Copy the lines below exactly. Start at the first and finish with the line containing "Vetements Vegan Edition".

^^^^^^^^

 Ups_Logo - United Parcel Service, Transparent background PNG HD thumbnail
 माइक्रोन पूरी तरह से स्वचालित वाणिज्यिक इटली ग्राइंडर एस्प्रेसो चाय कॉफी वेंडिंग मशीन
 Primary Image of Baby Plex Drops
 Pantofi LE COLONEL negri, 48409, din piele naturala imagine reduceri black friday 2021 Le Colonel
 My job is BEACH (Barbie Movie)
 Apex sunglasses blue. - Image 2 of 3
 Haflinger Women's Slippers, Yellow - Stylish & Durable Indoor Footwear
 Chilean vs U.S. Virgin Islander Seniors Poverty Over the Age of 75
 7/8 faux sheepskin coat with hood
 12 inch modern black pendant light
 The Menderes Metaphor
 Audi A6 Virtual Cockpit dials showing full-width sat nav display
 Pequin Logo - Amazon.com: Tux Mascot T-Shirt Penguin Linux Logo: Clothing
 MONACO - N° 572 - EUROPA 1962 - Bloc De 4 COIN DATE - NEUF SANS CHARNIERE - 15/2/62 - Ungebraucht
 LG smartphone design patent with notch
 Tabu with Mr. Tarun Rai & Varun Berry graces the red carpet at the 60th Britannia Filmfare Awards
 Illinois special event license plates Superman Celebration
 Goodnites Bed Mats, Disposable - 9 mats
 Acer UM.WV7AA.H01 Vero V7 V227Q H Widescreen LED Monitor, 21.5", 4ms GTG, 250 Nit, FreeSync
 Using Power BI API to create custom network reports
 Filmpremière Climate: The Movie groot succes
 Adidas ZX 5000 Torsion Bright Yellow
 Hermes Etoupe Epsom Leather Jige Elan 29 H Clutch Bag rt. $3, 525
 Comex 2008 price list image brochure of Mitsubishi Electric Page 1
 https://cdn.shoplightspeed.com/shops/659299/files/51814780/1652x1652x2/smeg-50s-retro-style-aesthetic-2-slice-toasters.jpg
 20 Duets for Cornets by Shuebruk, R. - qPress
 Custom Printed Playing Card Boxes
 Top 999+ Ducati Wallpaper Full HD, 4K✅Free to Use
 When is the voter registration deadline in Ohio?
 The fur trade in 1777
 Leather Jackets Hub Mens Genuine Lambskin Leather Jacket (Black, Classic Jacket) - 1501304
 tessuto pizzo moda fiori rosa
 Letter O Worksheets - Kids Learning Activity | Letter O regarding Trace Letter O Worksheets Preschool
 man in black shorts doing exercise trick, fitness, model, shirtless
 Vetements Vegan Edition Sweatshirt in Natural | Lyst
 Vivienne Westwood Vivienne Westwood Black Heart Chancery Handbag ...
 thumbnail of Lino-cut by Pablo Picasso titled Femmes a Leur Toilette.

^^^^^^^^

ANSWER TO THE PROBLEM –
 Ups_Logo - United Parcel Service, Transparent background PNG HD thumbnail
 माइक्रोन पूरी तरह से स्वचालित वाणिज्यिक इटली ग्राइंडर एस्प्रेसो चाय कॉफी वेंडिंग मशीन
 Primary Image of Baby Plex Drops
 Pantofi LE COLONEL negri, 48409, din piele naturala imagine reduceri black friday 2021 Le Colonel
 My job is BEACH (Barbie Movie)
 Apex sunglasses blue. - Image 2 of 3
 Haflinger Women's Slippers, Yellow - Stylish & Durable Indoor Footwear
 Chilean vs U.S. Virgin Islander Seniors Poverty Over the Age of 75
 7/8 faux sheepskin coat with hood
 12 inch modern black pendant light
 The Menderes Metaphor
 Audi A6 Virtual Cockpit dials showing full-width sat nav display
 Pequin Logo - Amazon.com: Tux Mascot T-Shirt Penguin Linux Logo: Clothing
 MONACO - N° 572 - EUROPA 1962 - Bloc De 4 COIN DATE - NEUF SANS CHARNIERE - 15/2/62 - Ungebraucht
 LG smartphone design patent with notch
 Tabu with Mr. Tarun Rai & Varun Berry graces the red carpet at the 60th Britannia Filmfare Awards
 Illinois special event license plates Superman Celebration
 Goodnites Bed Mats, Disposable - 9 mats
 Acer UM.WV7AA.H01 Vero V7 V227Q H Widescreen LED Monitor, 21.5", 4ms GTG, 250 Nit, FreeSync
 Using Power BI API to create custom network reports
 Filmpremière Climate: The Movie groot succes
 Adidas ZX 5000 Torsion Bright Yellow
 Hermes Etoupe Epsom Leather Jige Elan 29 H Clutch Bag rt. $3, 525
 Comex 2008 price list image brochure of Mitsubishi Electric Page 1
 https://cdn.shoplightspeed.com/shops/659299/files/51814780/1652x1652x2/smeg-50s-retro-style-aesthetic-2-slice-toasters.jpg
 20 Duets for Cornets by Shuebruk, R. - qPress
 Custom Printed Playing Card Boxes
 Top 999+ Ducati Wallpaper Full HD, 4K✅Free to Use
 When is the voter registration deadline in Ohio?
 The fur trade in 1777
 Leather Jackets Hub Mens Genuine Lambskin Leather Jacket (Black, Classic Jacket) - 1501304
 tessuto pizzo moda fiori rosa
 Letter O Worksheets - Kids Learning Activity | Letter O regarding Trace Letter O Worksheets Preschool
 man in black shorts doing exercise trick, fitness, model, shirtless
 Vetements Vegan Edition Sweatshirt in Natural | Lyst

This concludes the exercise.